Counsel cannot be found ineffective for failing to assert a meritless claim. Commonwealth v. Hubbard, 472 Pa. 259, 372 A.2d 687 (1977). Therefore, in evaluating whether trial counsel was ineffective, the lower court will determine whether the confession was voluntary or involuntary. If it is determined to have been voluntary, counsel was not ineffective in failing to move for its suppression and appellant may be resentenced. He may appeal from that judgment of sentence.
If the statement is determined to have been involuntary, the court will determine whether counsel had a reasonable basis for failing to move for its suppression. Although in view of the defense presented at trial it seems very unlikely that a reasonable basis existed for trial counsel's actions, this may have been a tactical decision and we believe that counsel should have an opportunity to explain his failure to request a Jackson-Denno hearing. If it is determined that counsel did not have a reasonable basis for his decision, appellant will be granted a new trial at which the confession will be inadmissible. If it is determined that counsel acted pursuant to a reasonable basis, appellant may be resentenced and he may appeal from that judgment of sentence.
Finally, appellant argues that the sentence imposed by the trial judge was excessive. Since we have vacated the sentence, we do not need to address that issue. However, since the lower court may have occasion to resentence appellant, we believe that a few words on the subject of restitution are in order.

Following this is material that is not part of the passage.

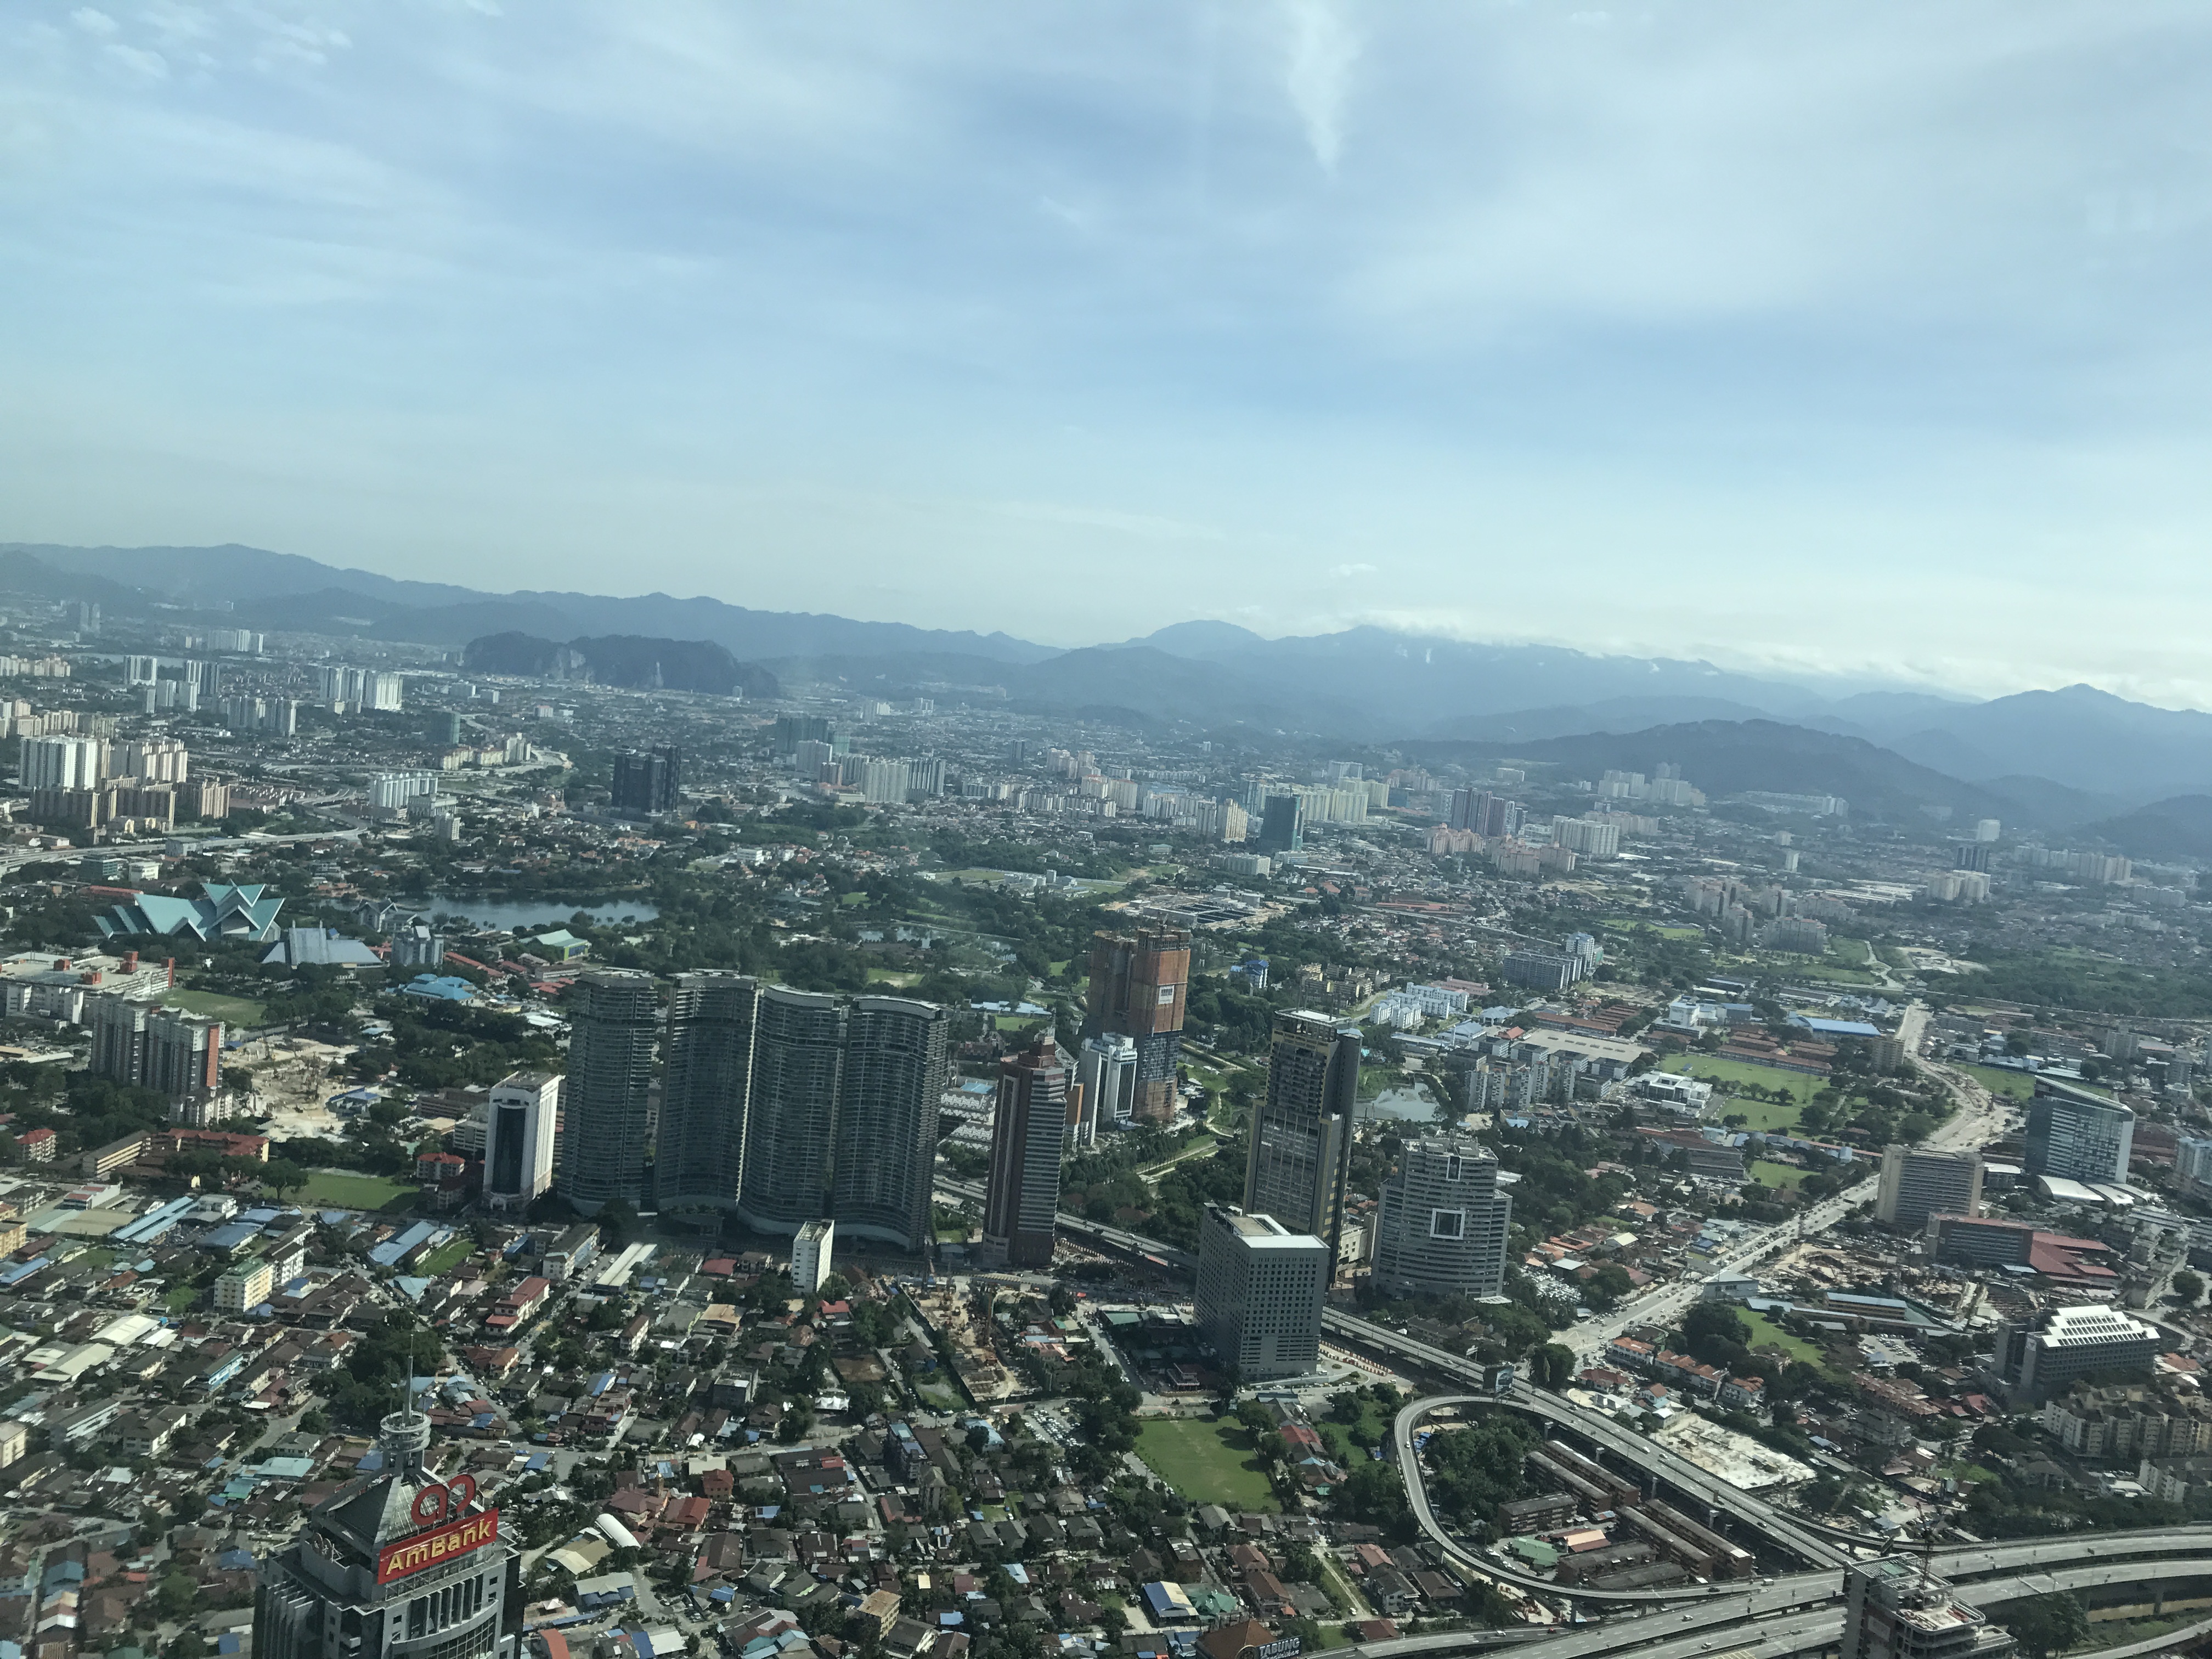 Kuala Lumpur landscape, May 2017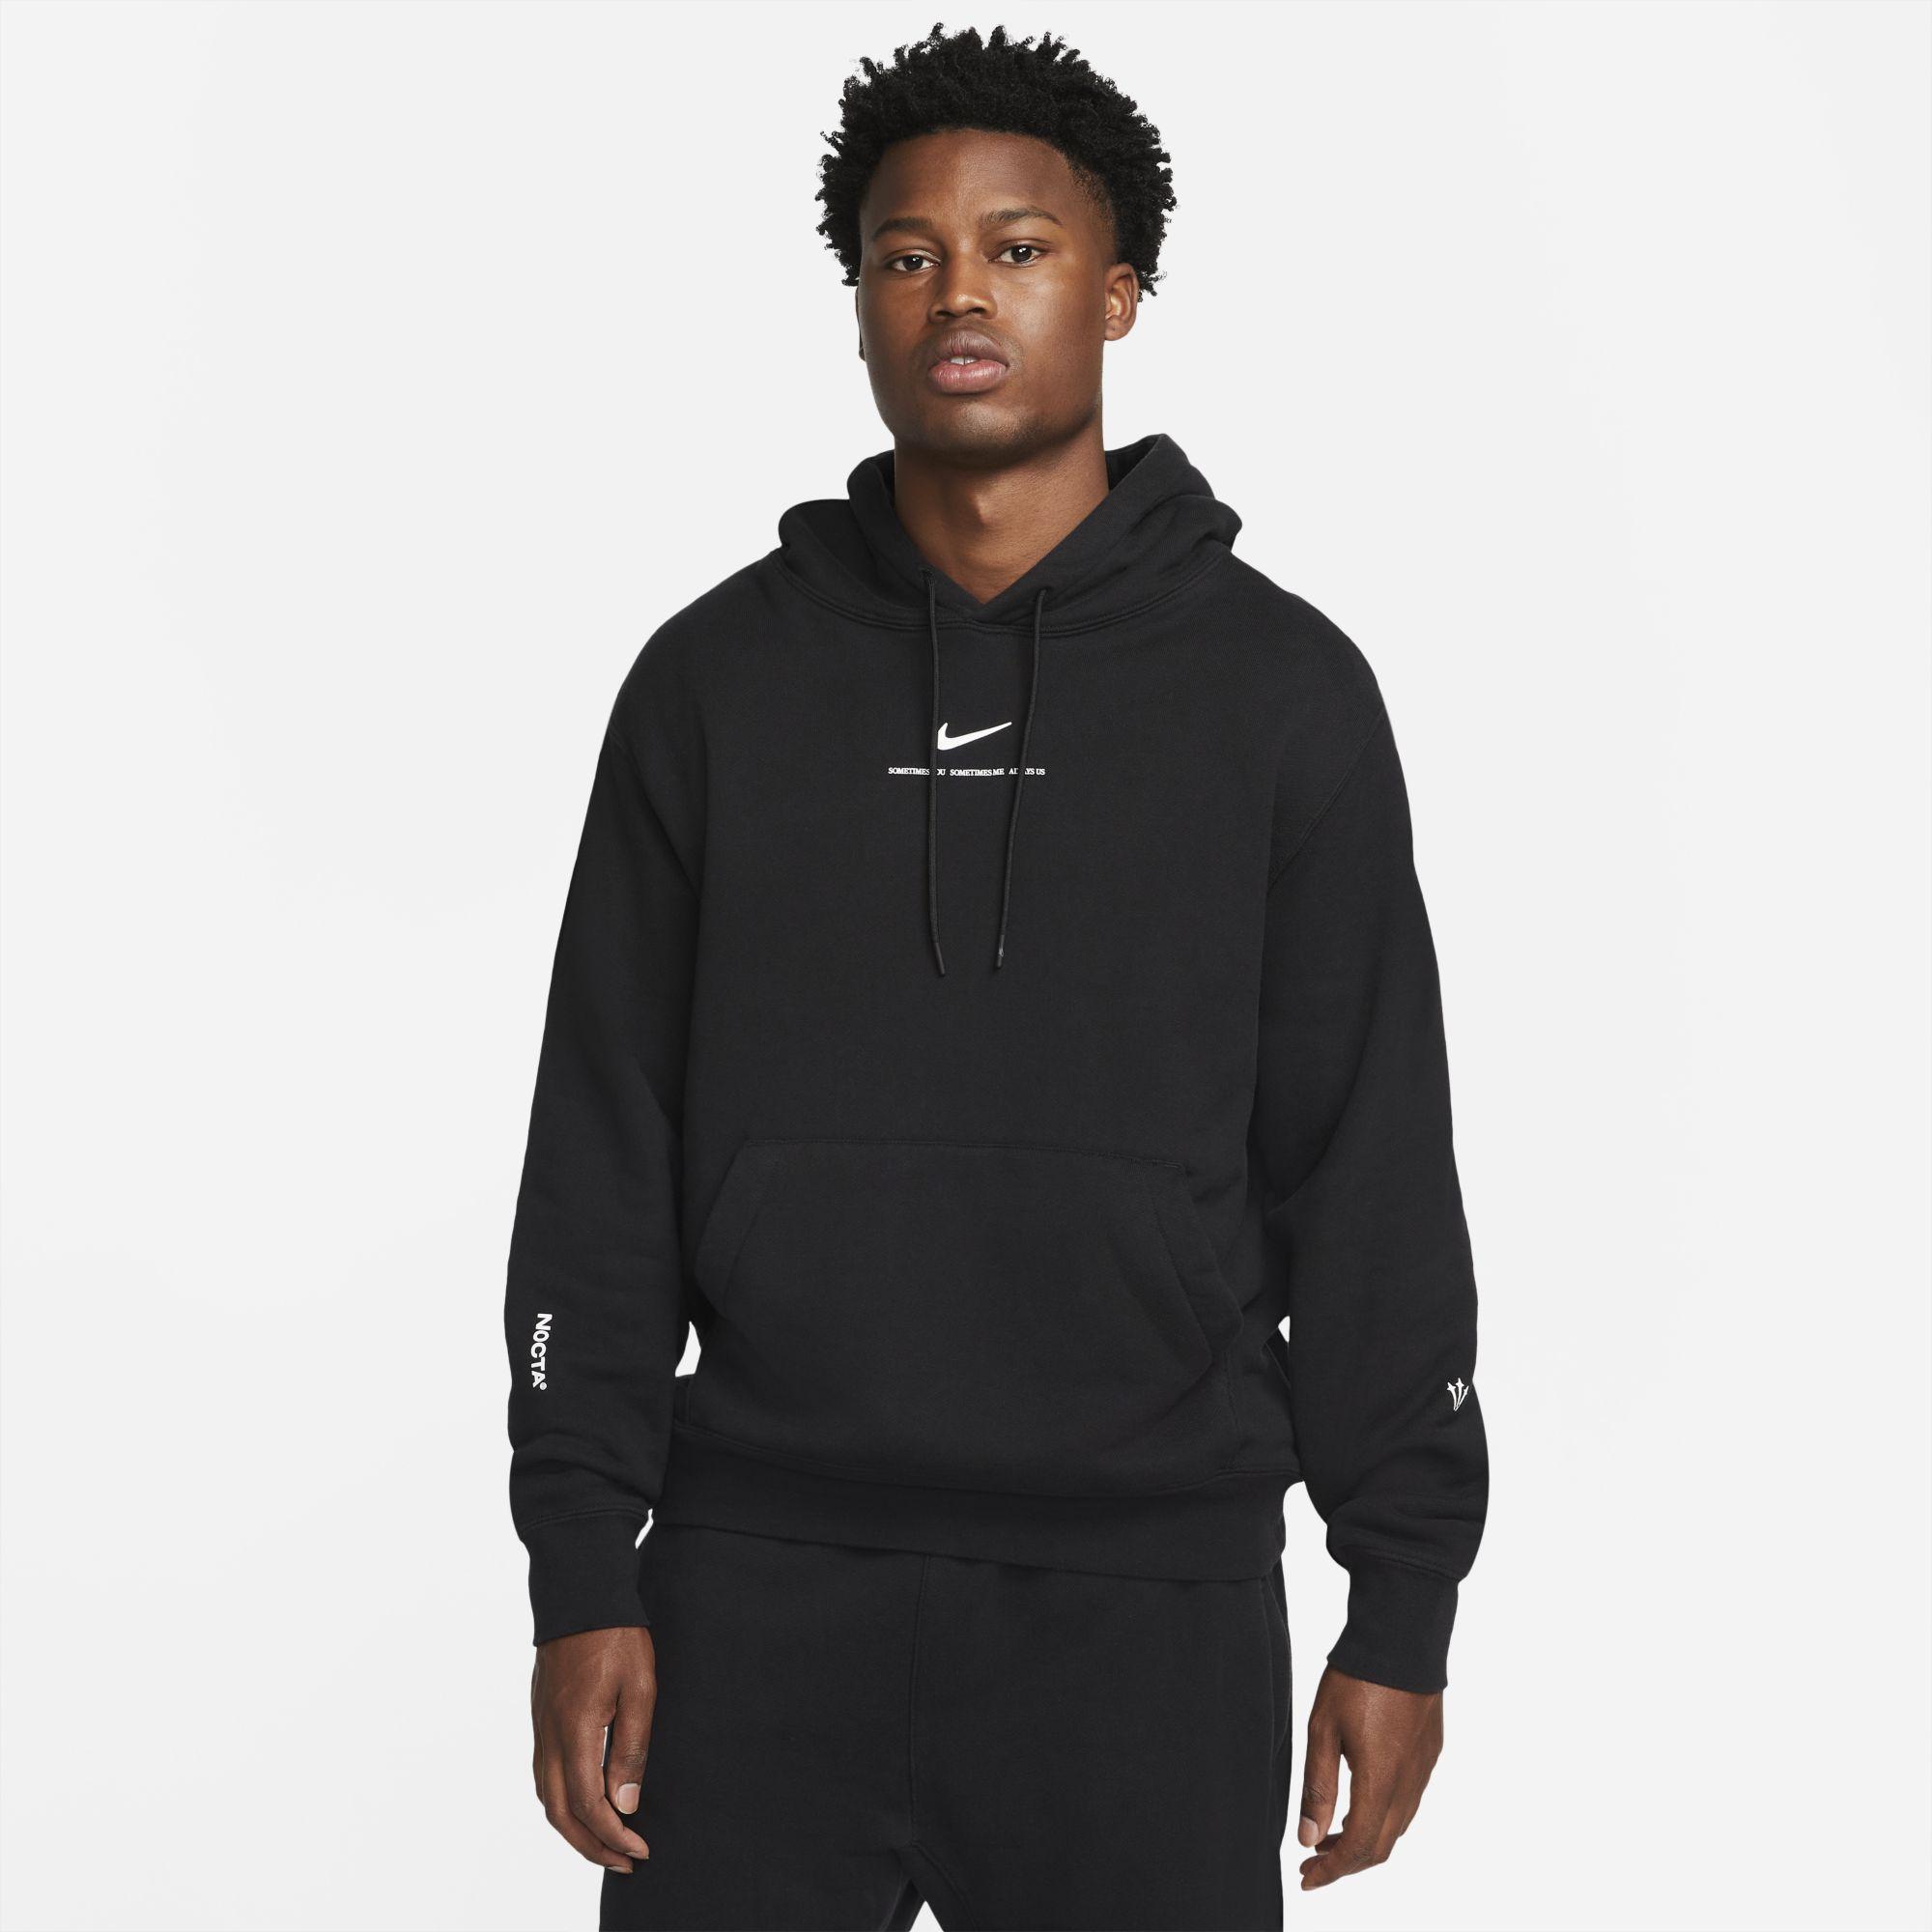 Nike Basketball hoodie in black

[ 299 Pa. Super. Page 285]
The court's concern that a victim be fully compensated for a crime should not overshadow its concomitant duty to promote the defendant's rehabilitation. Therefore, a court must make sure that the amount of restitution awarded does not exceed the defendant's ability to pay. Commonwealth v. Fuqua, 267 Pa. Super. 504, 508-9, 407 A.2d 24, 26 (1979). Since an order of restitution is a sentence, it must be supported by the record. Therefore, the extent of the injury suffered, the defendant's ability to pay for it, and the type of payment, lump sum or installments that will best serve the needs of the victim and the capabilities of the defendant must all be considered on the record. Commonwealth v. Fuqua, 267 Pa. Super. at 510, 407 A.2d at 27.
*fn1 This case was assigned to the writer on January 5, 1982.